A California federal district court has refused to dismiss a lawsuit filed by the CFPB in January 2017 against several law firms and attorneys alleging that the defendants violated the FTC’s Telemarketing Sales Rule (TSR) and the Consumer Financial Protection Act (CFPA) by illegally charging upfront fees for debt relief services which were disguised as fees for bankruptcy services. The defendants were alleged to have partnered with Morgan Drexen to offer debt relief services to consumers and, after the CFPB filed its lawsuit in August 2013 against Morgan Drexen and its CEO for similar TSR and CFPA violations, to have taken over Morgan Drexen’s operations. The CFPB also alleged that the defendants had substantially assisted Morgan Drexen and its CEO in their TSR violations. (Morgan Drexen eventually sought bankruptcy relief and the CFPB’s lawsuit ended with the entry of a final judgment requiring the bankrupt Morgan Drexen to pay $132,882,488 in restitution and a $40 million civil money penalty. That judgment followed a stipulated final judgment against Morgan Drexen’s CEO which, based on the CEO’s inability to pay, required him to pay $500,000 in consumer redress and a $1 civil money penalty.)
In moving to dismiss the CFPB’s complaint, the defendants’ primary arguments were (1) the CFPB had no authority to bring the lawsuit because the CFPA excludes the practice of law from its jurisdiction, and (2) the CFPB’s substantial assistance claim did not satisfy the heightened pleading standard for fraud claims in Rule 9(b) of the Federal Rules of Civil Procedure. Although the defendants also challenged the CFPB’s constitutionality, the court ruled that the constitutional challenge was not properly before it because the defendants had attempted to incorporate by reference a constitutional challenge in an unrelated case instead of explaining why they believed the CFPB is unconstitutionally structured.
The CFPA provides that the CFPB “may not exercise any supervisory or enforcement authority with respect to an activity engaged in by an attorney as part of the practice of law under the laws of a State in which the attorney is licensed to practice.” An exclusion from such limitation provides that it “shall not be construed to limit the authority of the Bureau with respect to any attorney, to the extent such attorney is otherwise subject to any of the enumerated laws or the authorities transferred under subtitle F or H.”

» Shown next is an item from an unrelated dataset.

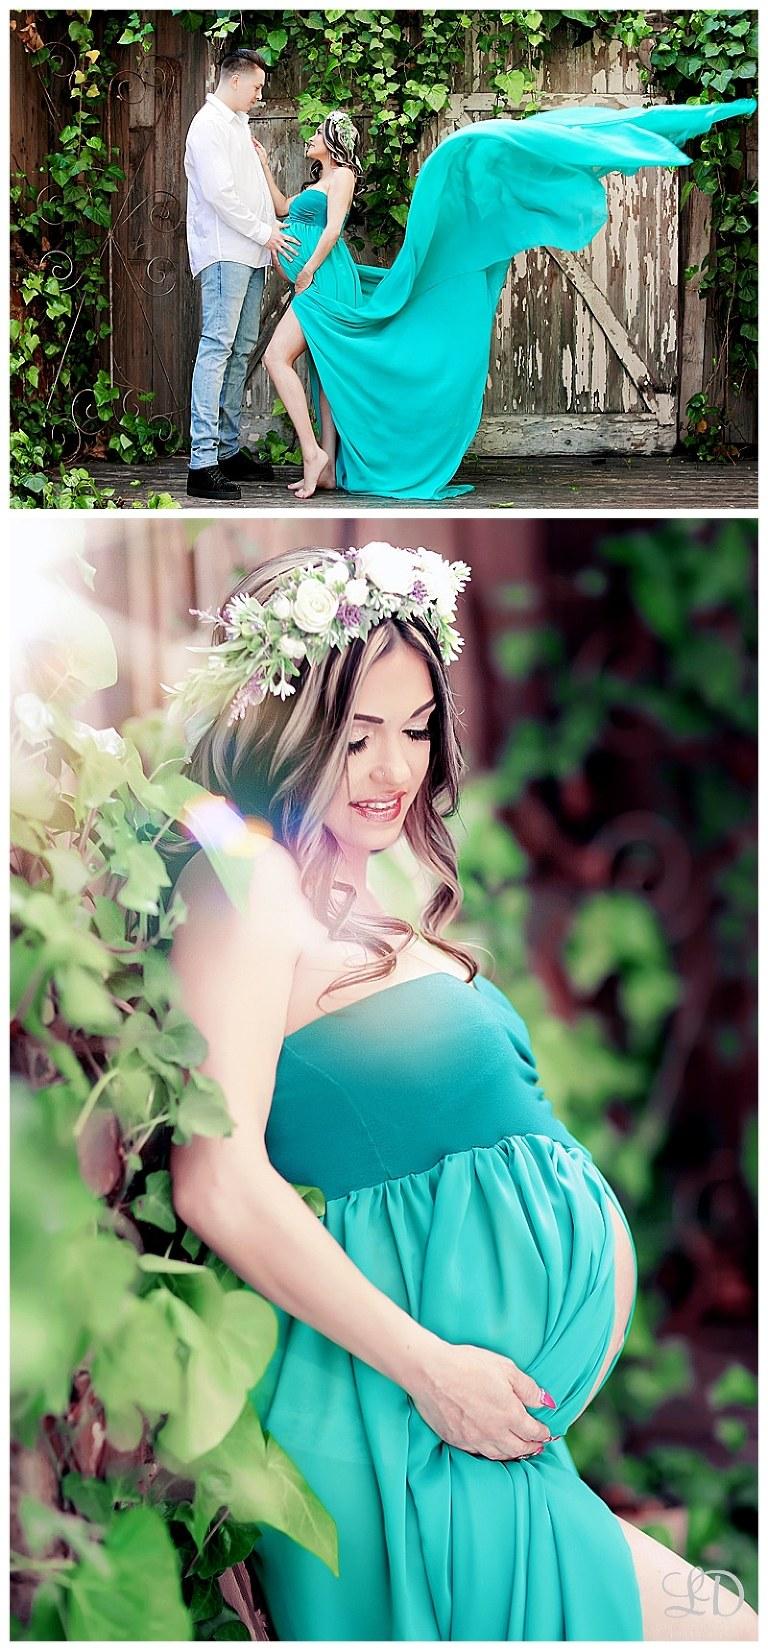 sweet maternity photoshoot-lori dorman photography-maternity boudoir-professional photographer_5846.jpg
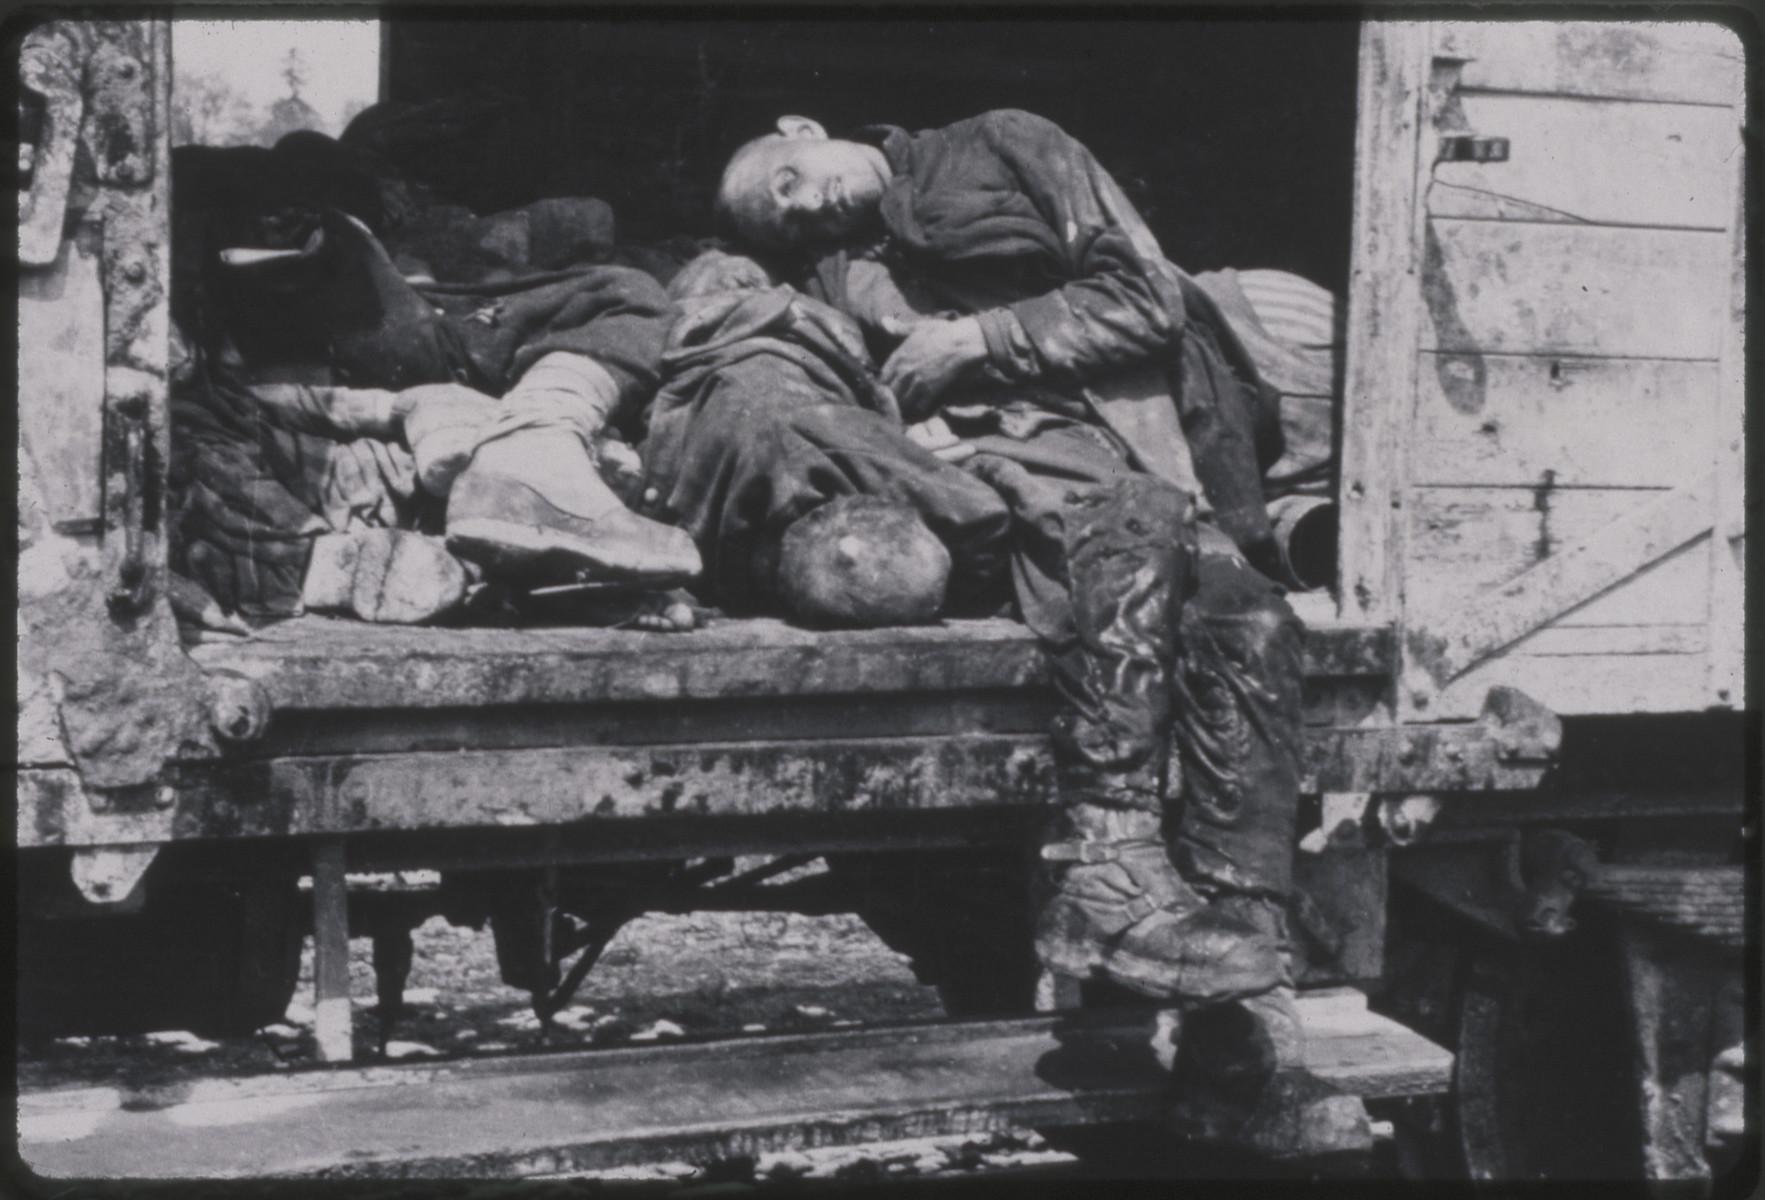 Close-up view of bodies on the Dachau death train.

The court observed that subtitle H of the CFPA authorizes the CFPB to enforce the TSR and that the TSR, in turn, contains no applicable exception for the practice of law or attorneys. The defendants had argued that the word “otherwise” in the CFPA exclusion meant only that the CFPB could enforce another consumer law against an attorney who was engaged in an activity that was not part of the practice of law. Calling such an interpretation “superfluous,” the court concluded that the word “otherwise” meant that while Congress did not want the CFPB to use is general UDAAP enforcement authority to regulate the practice of law, Congress did not intend the practice of law exclusion to prevent the CFPB from enforcing other consumer protection laws that already applied to legal practices.
With regard to the defendants’ argument that that the CFPB’s substantial assistance claim did not satisfy Rule 9(b)’s heightened pleading standard for fraud claims, the court found no basis to apply such standard because the CFPB’s substantial assistance claim did not sound in fraud. While observing that the CFPB had alleged that the defendants made misrepresentations about the debt relief services and that such allegations would be subject to Rule 9(b), it ruled that the CFPB had stated a substantial assistance claim under the TSR without such allegations because the defendants could be liable for providing substantial assistance even if they did not make such misrepresentations. The court cited to the TSR’s substantial assistance standard which provides that a person provides substantial assistance to a seller or marketer when that person knew or consciously avoided knowing that the seller or marketer was engaged in an act or practice that violated the TSR.